Basic hardware logic validation: The focus of the logic validation is to ensure that the hardware design works correctly, and exercise specific features of constituent IPs in the SoC design. This is typically done by subjecting the silicon to a wide variety of tests, that include both focused tests for exercising specific features as well as random and constrained-random tests. Traditionally, the SoC is placed on a custom platform (or board) designed specifically for debug with specialized instrumentation for achieving additional observability and controllability of internals of different IPs. Significant debug software is also developed to facilitate this testing (see below). Note that these tests are different from system-level directed tests. In particular, tests executed for post-silicon validation are *system-level*, involving multiple IPs and their coordination.

Hardware/Software compatibility validation: Compatibility validation refers to the activities to ensure that the silicon works with various versions of systems, application software, and peripherals. The validation accounts for various target use cases of the system, the platforms in which the SoC is targeted to be included, etc. Compatibility validation includes, among others, the following: (1) validation of system usage with add-on hardware of multiple external devices and peripherals, (2) exercising various operating systems, applications (including multimedia, games, etc.), and (3) use of various network protocols and communication infrastructures. In addition to the generic complexities of post-silicon validation (see below), a key challenge here is the large number of potential combinations (of configurations of hardware, software, peripheral, use cases etc.) that need to be tested. It is common for compatibility validation to include over a dozen operating systems of different flavors, more than a hundred peripherals, and over 500 applications.

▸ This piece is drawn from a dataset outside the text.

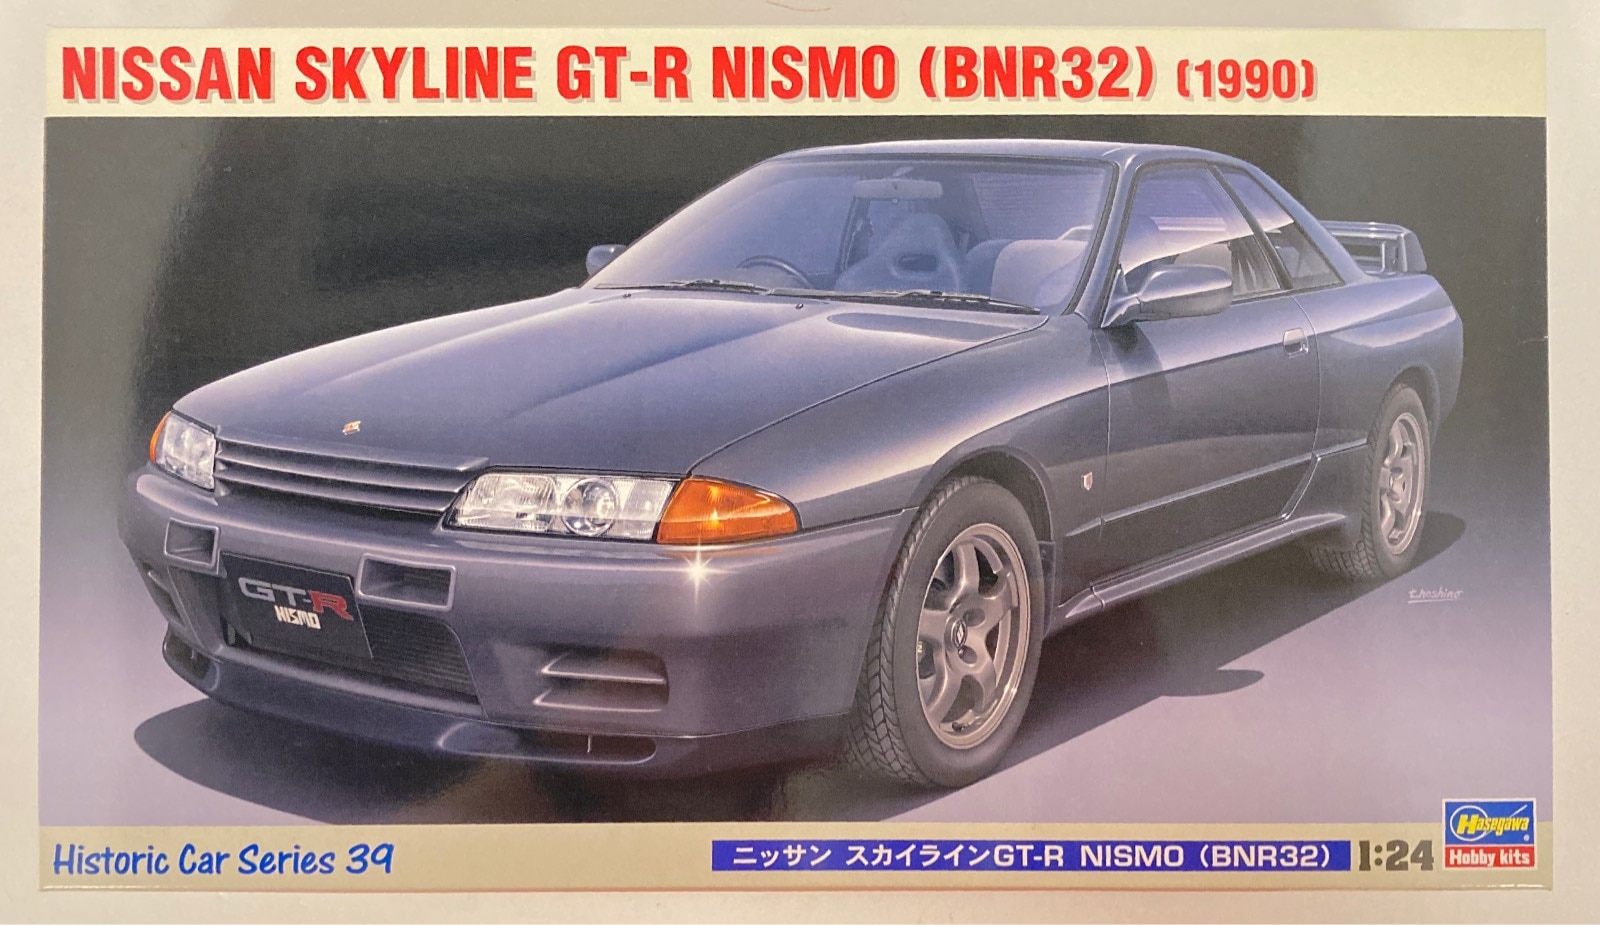 代引可】 ハセガワ HC39 ニッサン スカイライン GT-R NISMO BNR32

Electrical validation: Electrical validation exercises electrical characteristics of the system, components, and platform to ensure adequate electrical margin under worst-case operating conditions. Here "electrical characteristics" include input-output, power delivery, clock, and various analog/mixed-signal (AMS) components. The validation is done with respect to various specification and platform requirements, e.g., input-output validation uses the platform quality and reliability targets. As with compatibility validation above, a key challenge here is the size of the parameter space: for system quality and reliability targets, the validation must cover the entire spectrum of operating conditions (e.g., voltage, current, resistance, etc.) for millions of parts. The current state of practice in electrical validation is an integrated process of (1) sampling the system response for a few sample parts; (2) identifying operating conditions under which the electrical behavior lies outside specification; and (3) optimization, re-design, and tuning as necessary to correct the problem. Note that unlike the logic and compatibility validation above, electrical validation must account for statistical variation of the system performance and noise tolerance across different process corners. PRQ requires the average defect to be low, typically less than 50 parts per million.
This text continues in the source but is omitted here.